The snow on the tops was striped with icy 4x4 tracks. It was laid thick and muffled both the early wood-pigeon call and the shouts from the high school football match: hi-vis vests and a hi-vis ball.
The man with the dewdrop on his nose was polishing his Jaguar XJ. He lives in a park-home on the moor. He has one of those old ding-dong door bells (black plastic box with a solid, reliable button that looks like a sun-bleached Trebor Refresher) that are more usually found on the big houses, like those with the heated driveways further down the valley. The man told me his neighbours have fallen out with him.
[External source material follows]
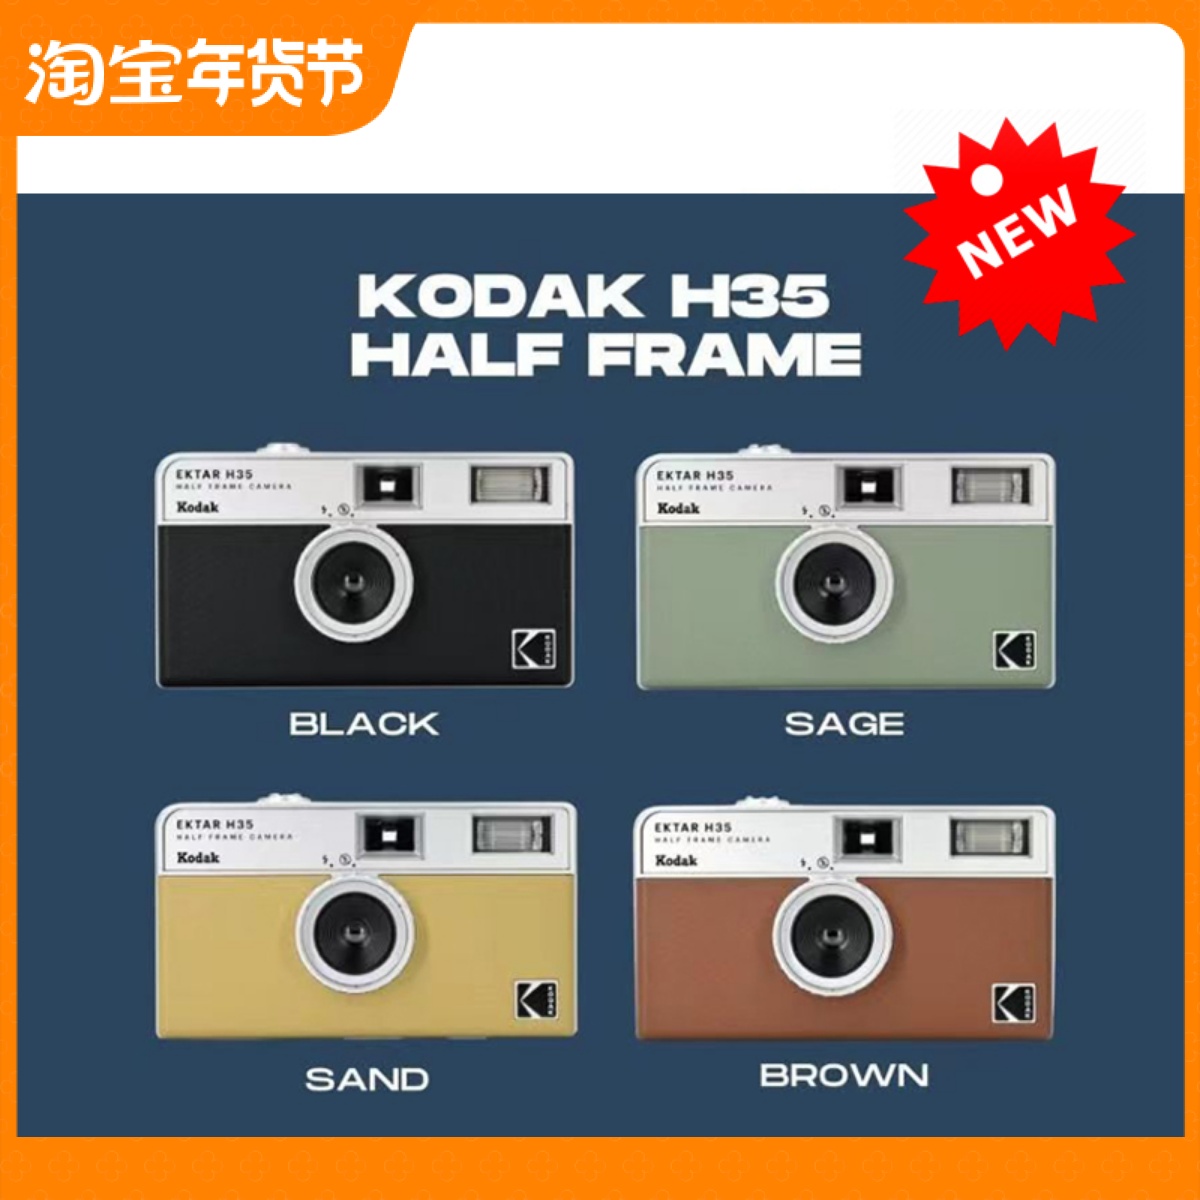 New product USA Kodak H35 camera 135 half lattice picable with 72 manual flashing lights spot-Taobao

“They’re jealous since I got the Jag'”, he said, “Them over your left shoulder… Don’t look!” he said, not taking his eyes off mine, “They’ll know we’re talking about them. They complain every time I step out of the house. And them over my left shoulder, they rang the council because I took my dog out without a lead!”
I glanced down at the floor and kicked a chipping of the decorative spar back behind the concrete rope-edging in an attempt to look nonchalant in front of the neighbours, and he continued,
“I don’t know why we can’t all just get on, I bet we sound like a load of school kids, don’t we? But we’re all pensioners!”
Later, In the garden of the man who hadn’t put his teeth in yet, I saw a ring-necked parakeet in the cherry tree.
In the garden opposite, a large and rowdy flock of black-headed gulls was squabbling over something on the lawn. The man without his teeth said they’d frightened him when he’d first come outside,
“It’s like that Alfred Hitchcock film.” he said, “You know the one I mean?”
“The Birds?” I said
“Aye, that’s the one. Let’s just hope Michael’s not lying dead behind that hedge.”